In this procedure, the adenoid tissue is ablated and both tonsils are resected. There are multiple techniques of performing adenotonsillectomy, including cold steel (scissors) dissection, electrocautery, microdebrider, and Coblation™.
Indications for Surgery:
- Recurrent acute tonsillitis (7 or more episodes over 1 year, 5 or more episodes a year for 2 years, or 3 or more episodes a year for 3 years)

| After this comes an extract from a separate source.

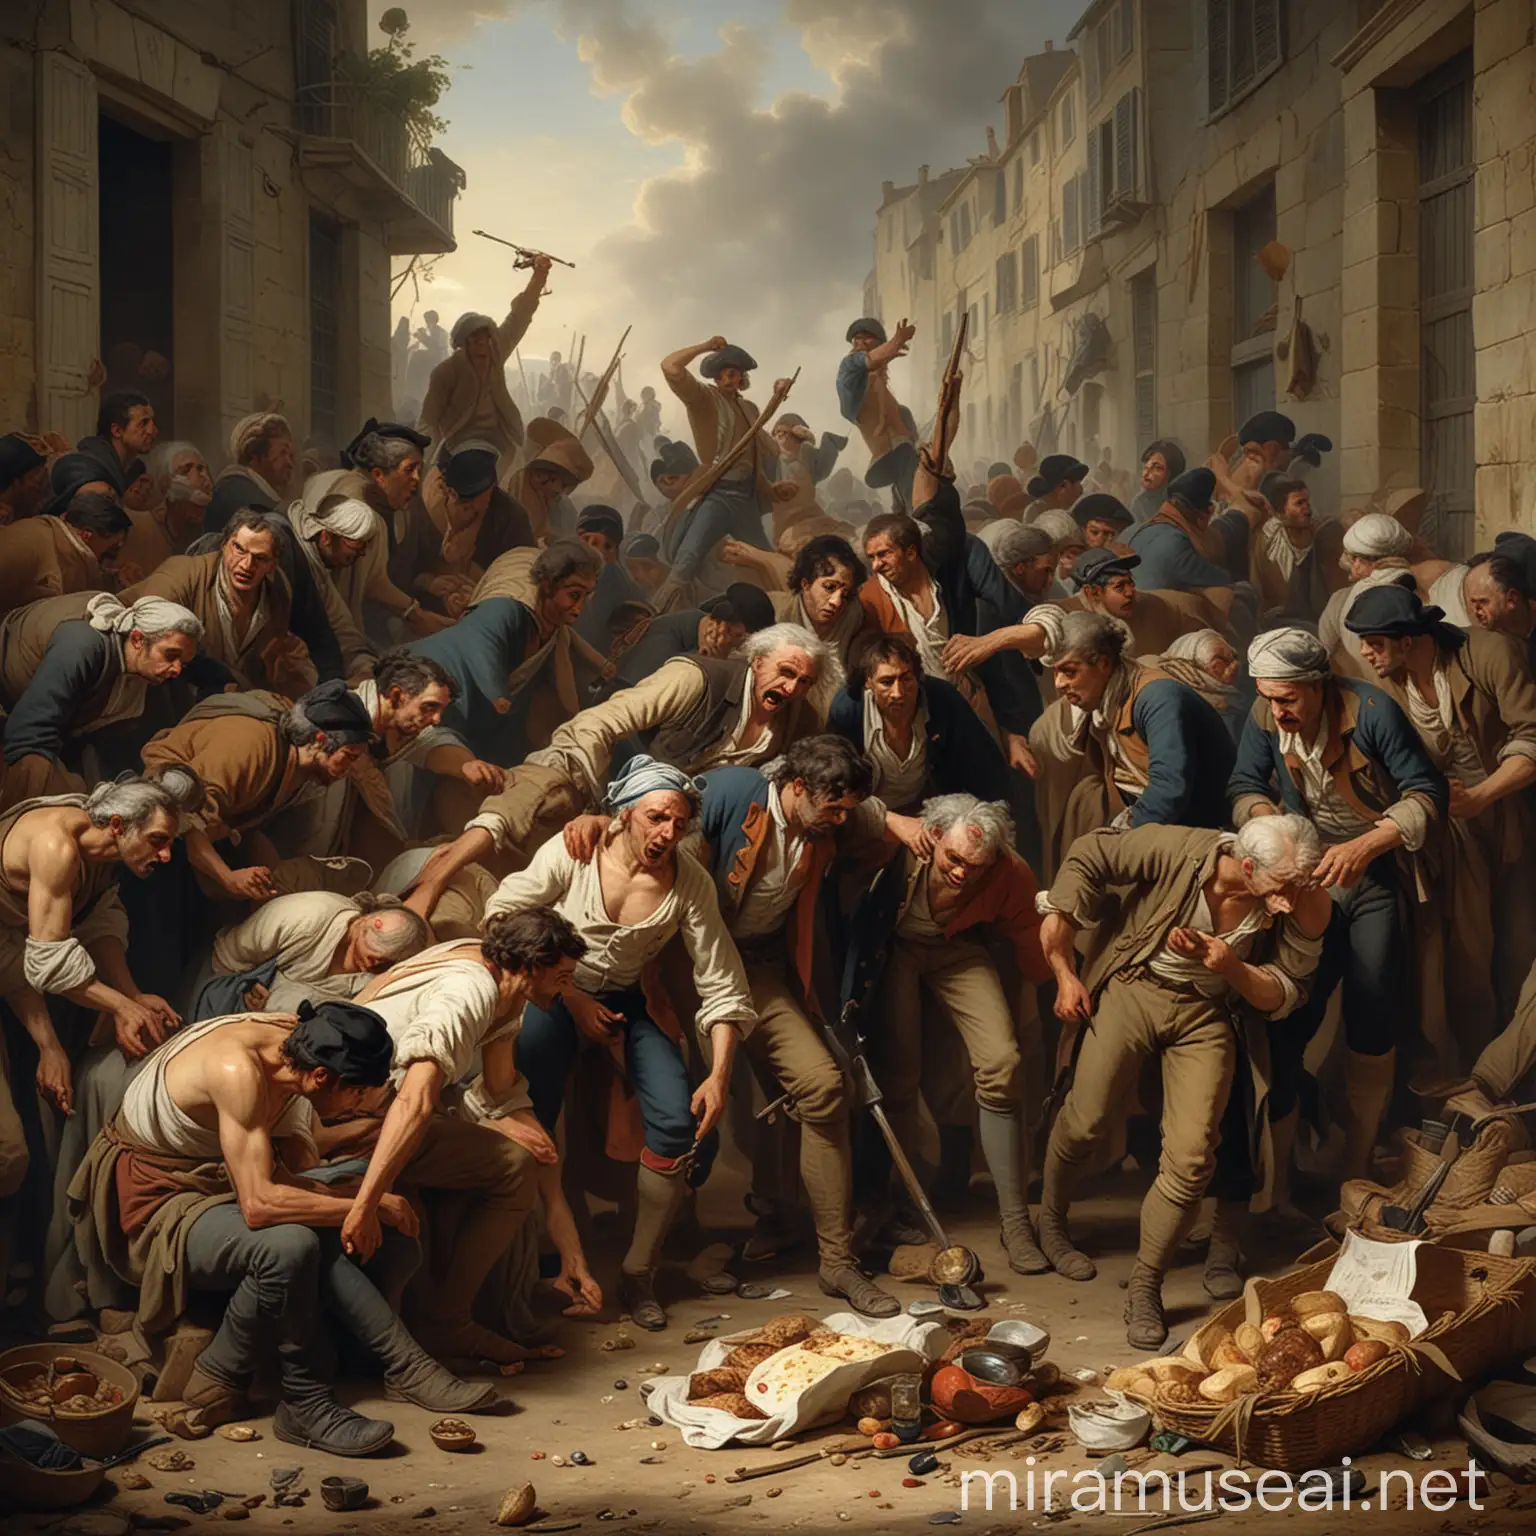 depiction of the struggle and desperation of starving people during the French Revolution
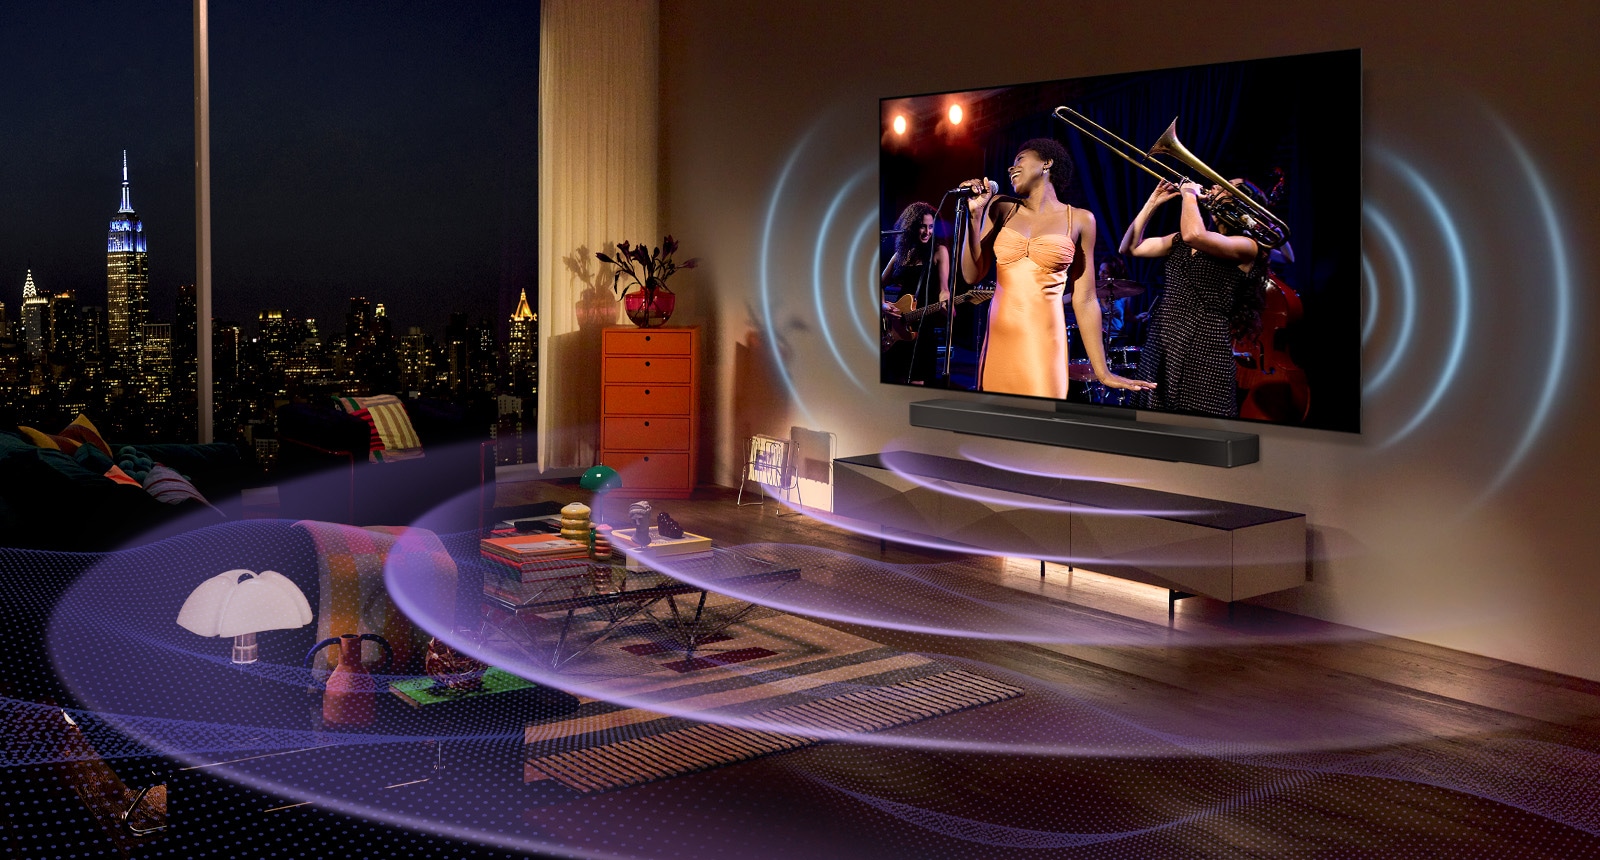 An image of an LG OLED TV in a room showing a music concert. Blue curved lines depicting TV sound and purple curved lines expressing Soundbar sound fill the space.

- Recurrent acute tonsillitis in patients with cardiac valvular disease or febrile seizures
- Two or more episodes of peritonsillar abscess
- Obstructive sleep apnea
- Adenotonsillar hypertrophy associated with cor pulmonale, failure to thrive, dysphagia, speech abnormality, or craniofacial growth abnormality
- Chronic tonsillitis refractory to medical therapy and associated with significant symptoms
- Asymmetric tonsillar hypertrophy (concern for neoplasia)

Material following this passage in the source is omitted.